Now here is one about mom’s alcoholism. Unlike dad being a stupid drunk, mom was a mean drunk. She would often lose her temper and throw things or hit my siblings and me or her husband. My most vivid memory of one of her outbursts was when she got in a fight with her husband. I was probably around 7 or 8 and was sitting at the kitchen table doing homework. I had already changed in to my nightgown (a large adult t-shirt given to me by my grandfather) and was barefoot. I heard the yelling start then she started throwing glass objects toward to kitchen and they were hitting the side of the refrigerator.
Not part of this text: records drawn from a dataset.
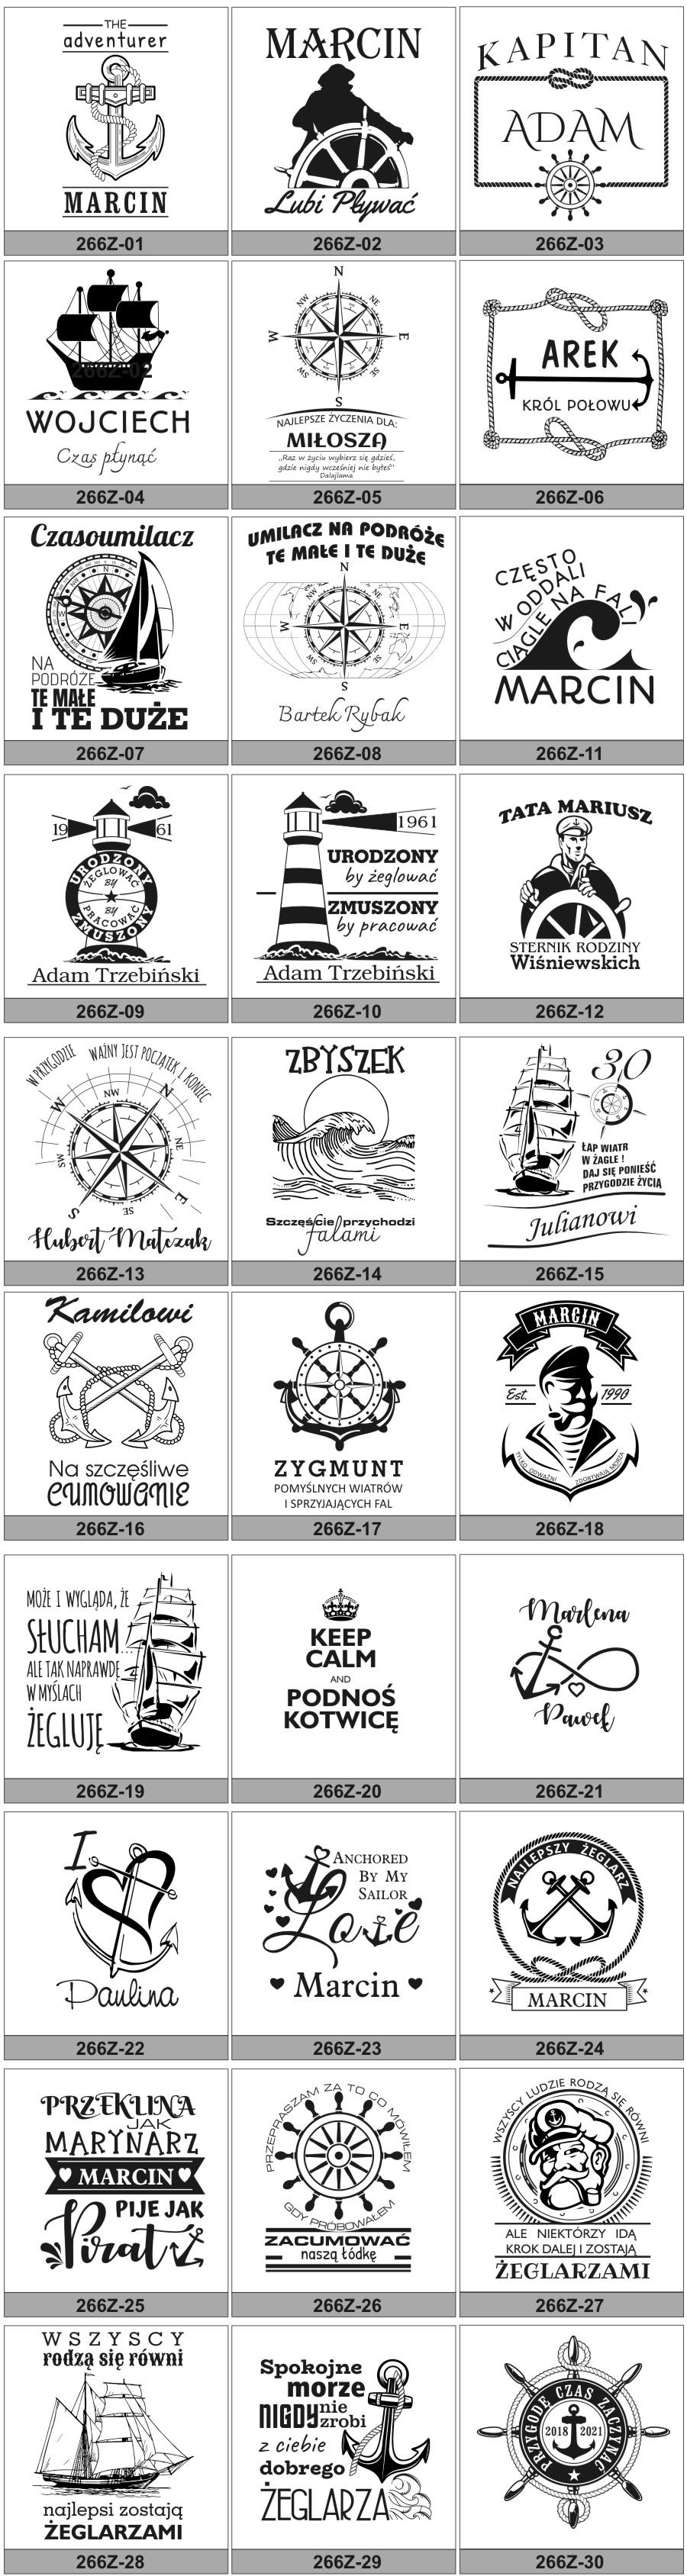 rysunki na kufle dla żeglarza
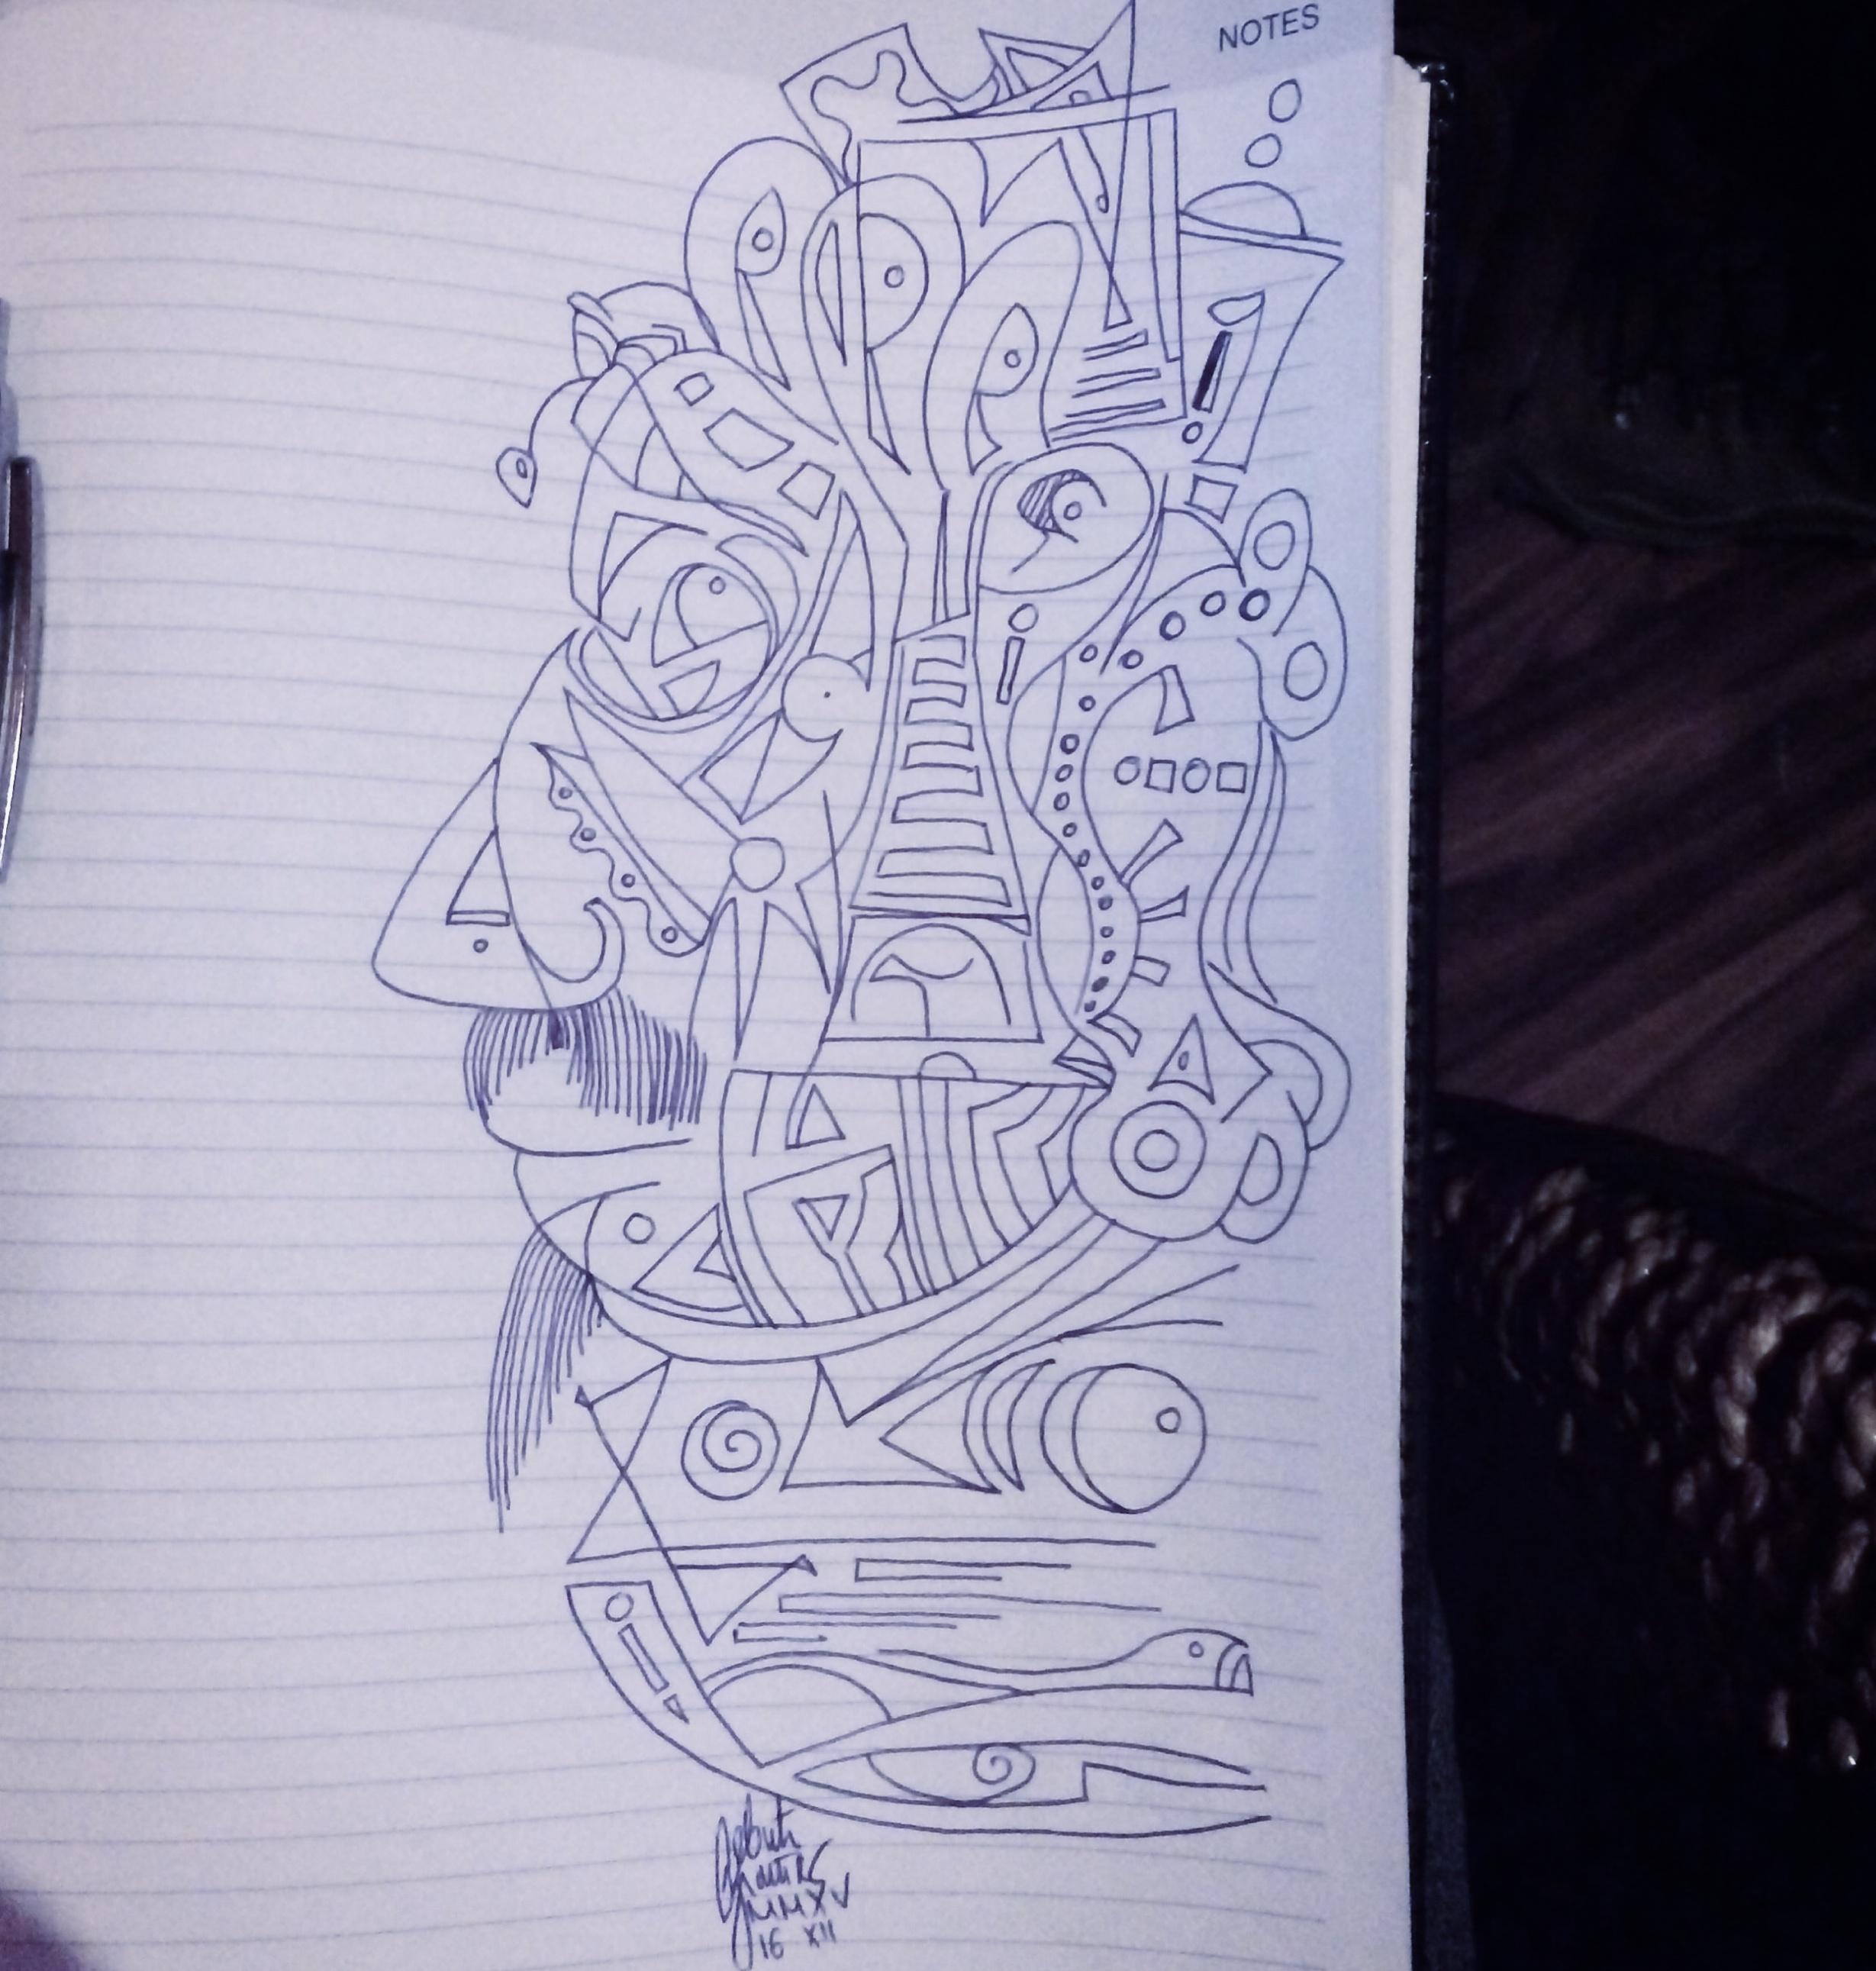 Morning doodle - 16. XII '15 - Takumar by zlajonja
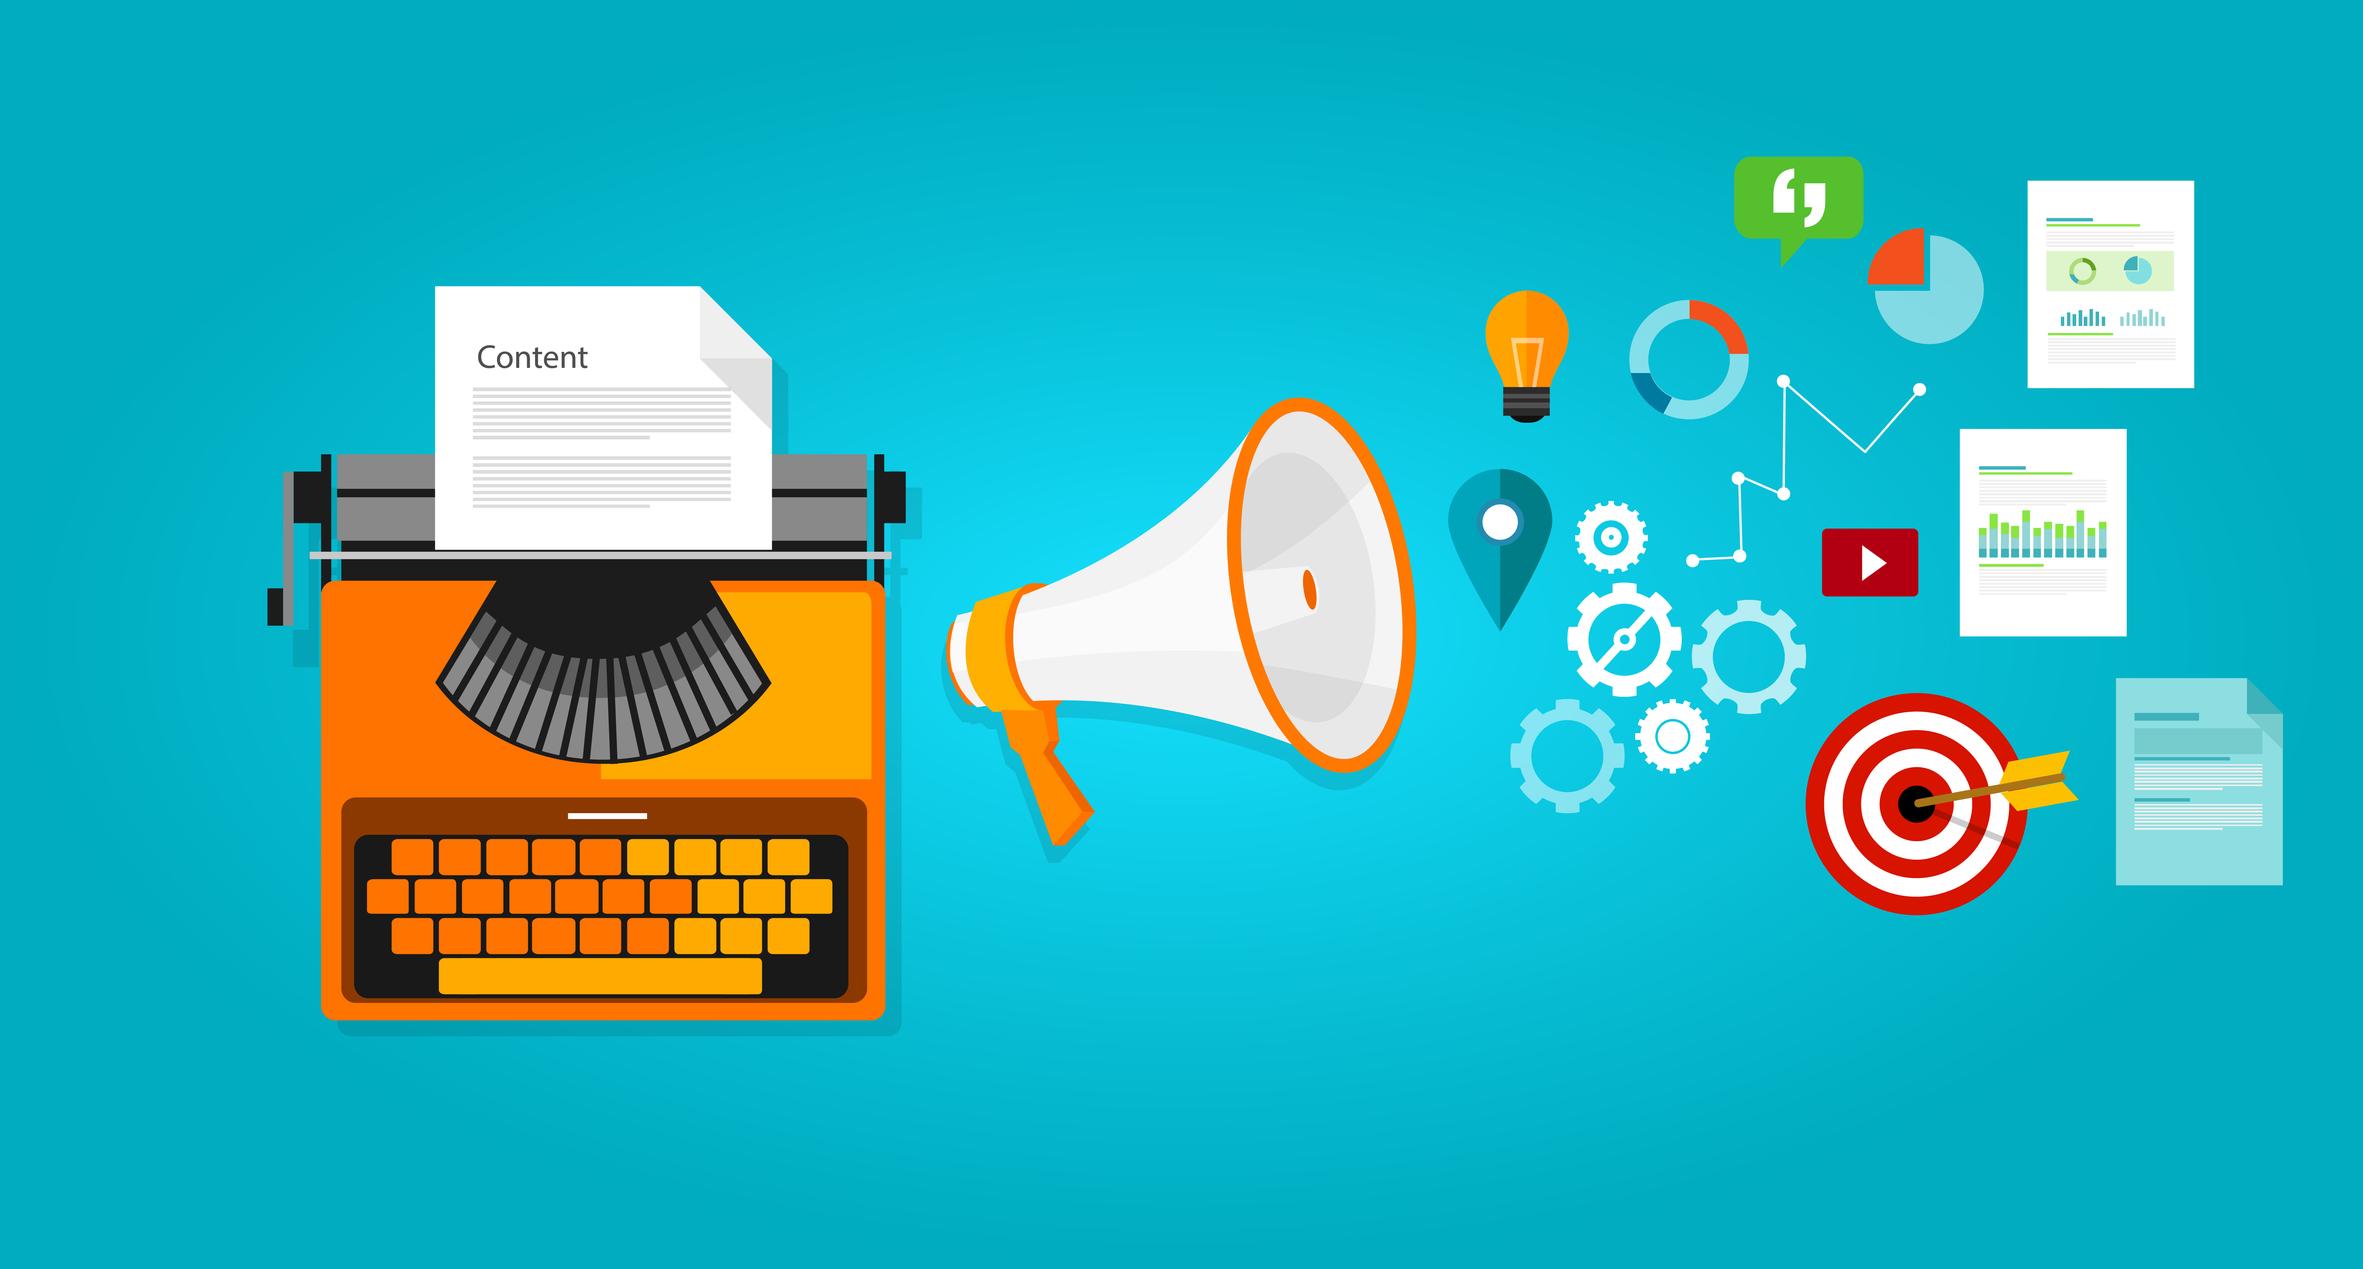 content-marketing-1.jpg

Glass was going everywhere on the floor and I ended up getting so scared I hid in the bottom of the pantry so I could close the door and not be hit. After a little bit it stopped and I remember mom carrying me out of the kitchen since I had no shoes on and there was glass everywhere.

I have had my mom’s temper for as long as I can remember. I used to punch holes in walls and throw things too. When I was 12 I started going to see a therapist and my anger was one thing we worked on. I saw her for 7 years and while I still have anger issues I am nowhere near as violent as I used to be. I hate admitting that but this is about being emotionally naked and I have to admit those things.